Quelles sont les prochaines étapes pour vous ?

LZ  : Nous devons rendre notre étude méditerranéenne à l’ADEME en juillet 2025. Pour ce qui est de la coopérative CooTeRRE, nous visons une création et un début d’activité au deuxième trimestre. Cette année, nous avons répondu à de nombreux appels à projets, nous avons donc beaucoup de rendus en perspective. Nous avons l’ambition de pérenniser l’association, notamment avec l’embauche d’un premier salarié.

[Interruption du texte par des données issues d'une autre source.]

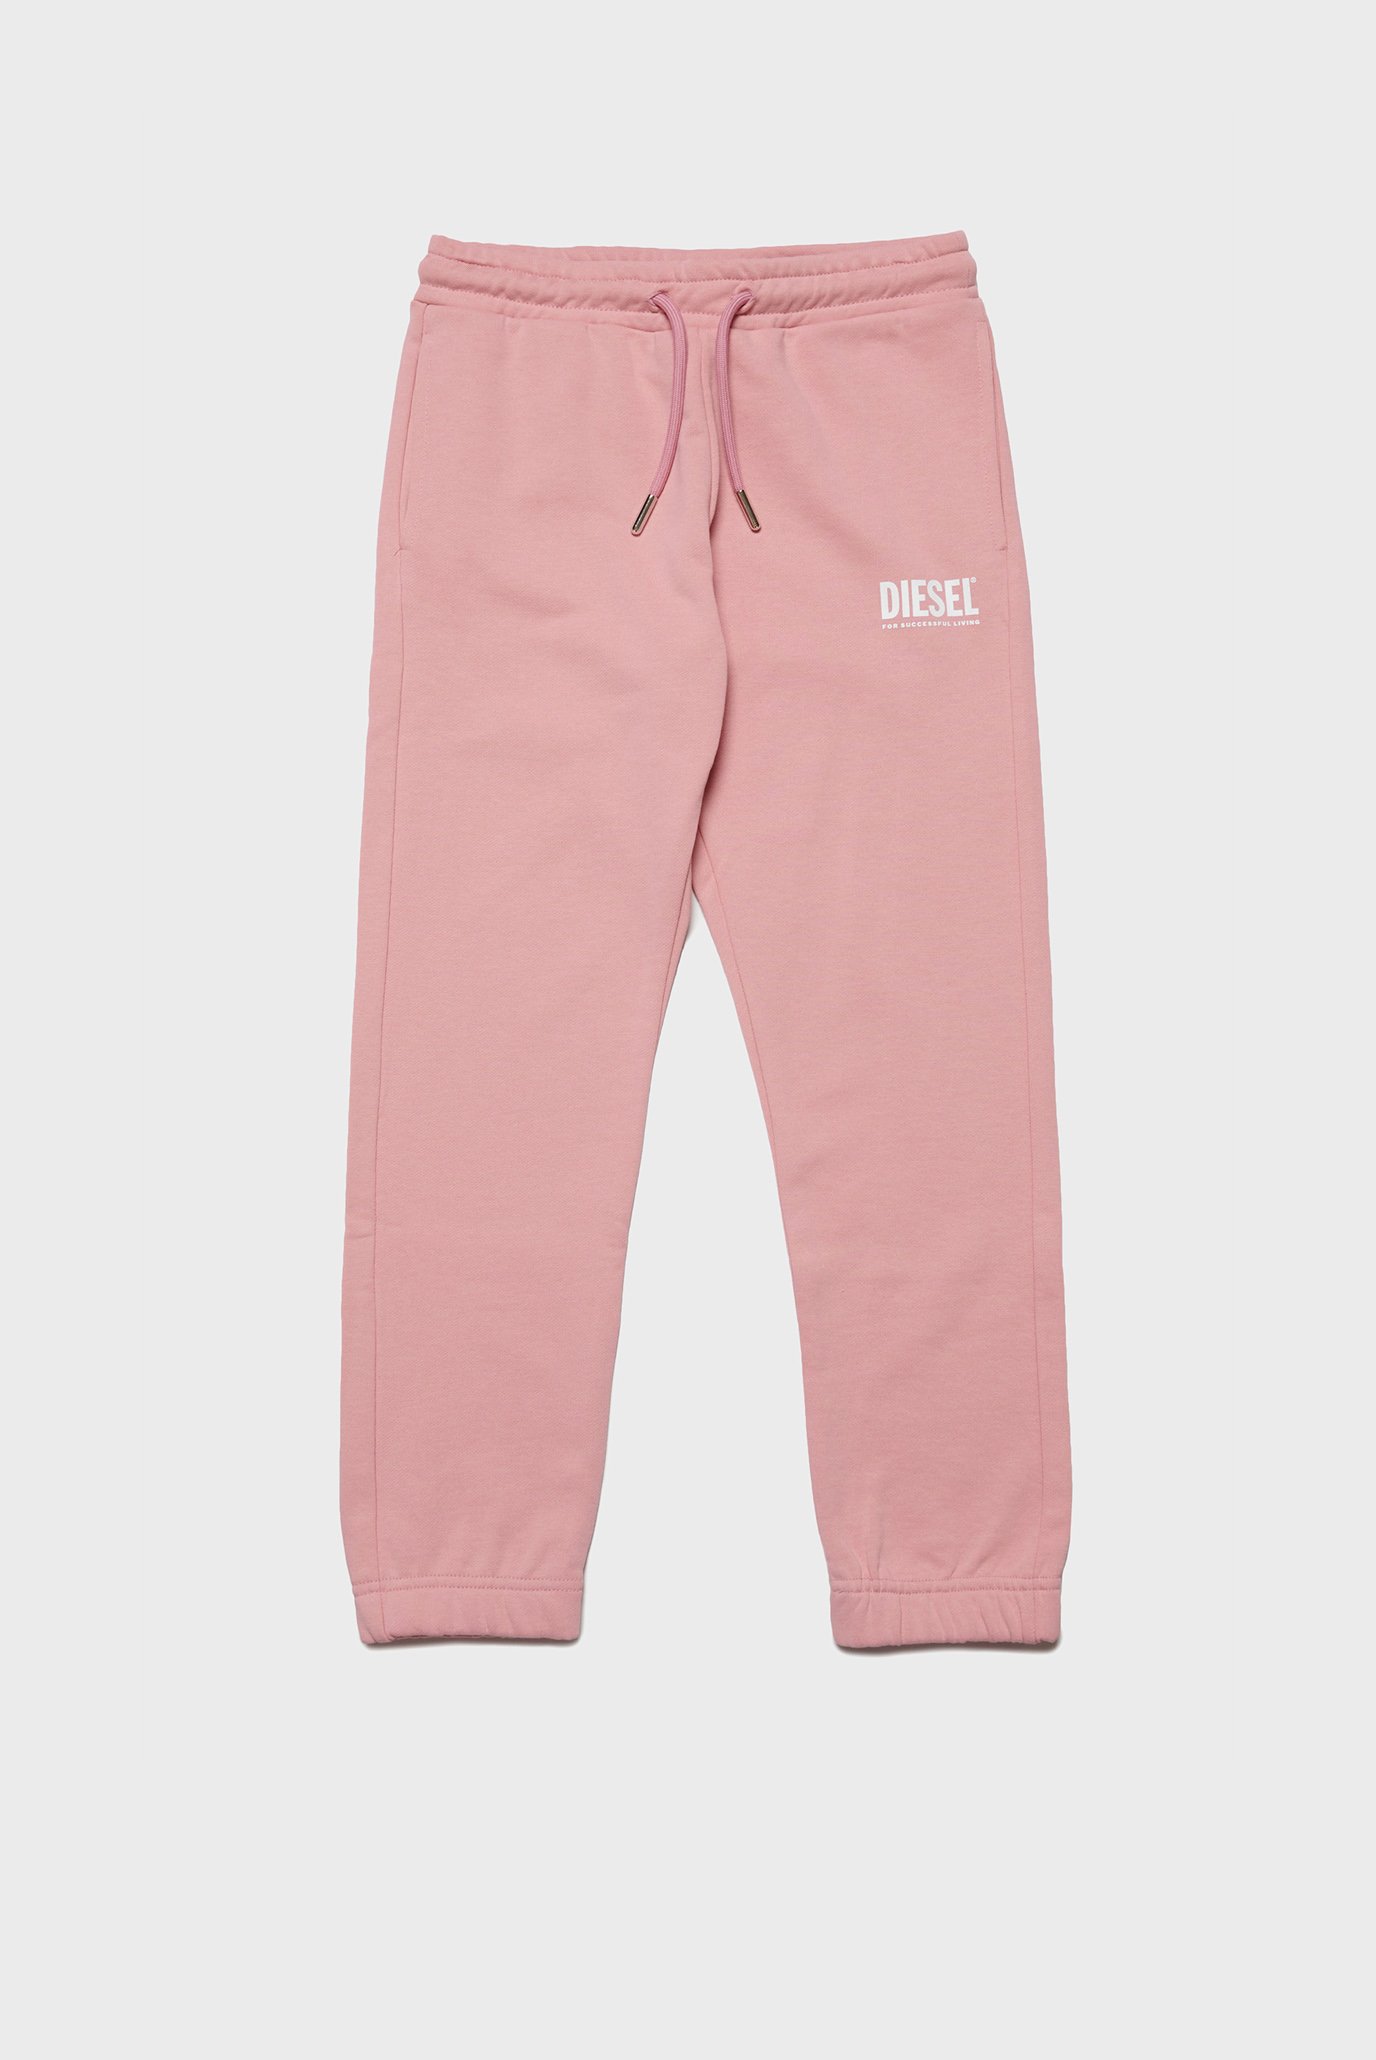 Детские розовые спортивные брюки LPENSIU DI PANTS 1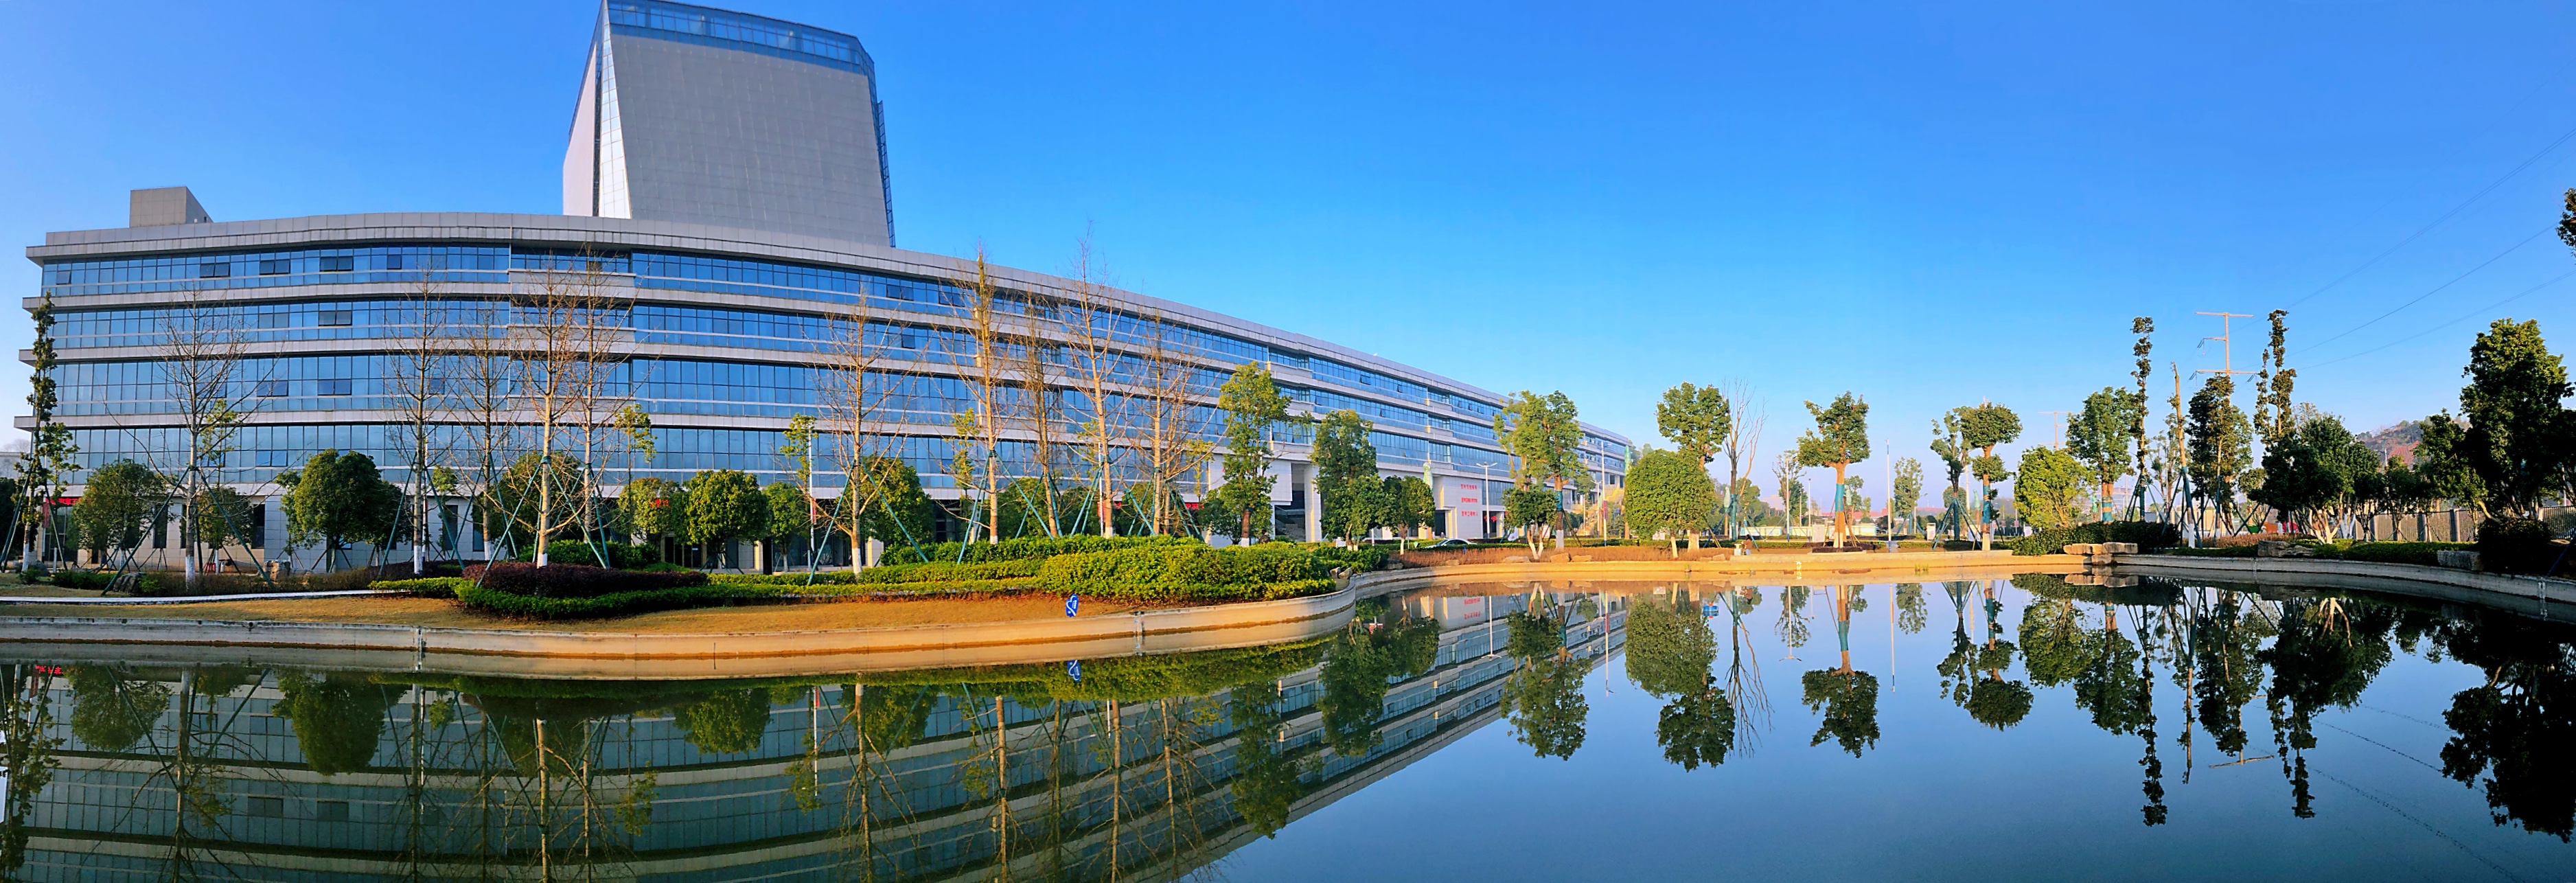 中国高职院校竞争力排行榜发布湖南汽车工程职业学院排名创新高

DBH : Nous sommes passés d’un collectif de réflexion presque informel à une structure bien formelle. Nous voulons que nos projets voient le jour, élire un conseil d’administration et relancer l’idée d’un centre de ressources techniques dédié aux moyens de production low-tech. Et faire la démonstration que notre vision économique est viable et compétitive avec le modèle actuel.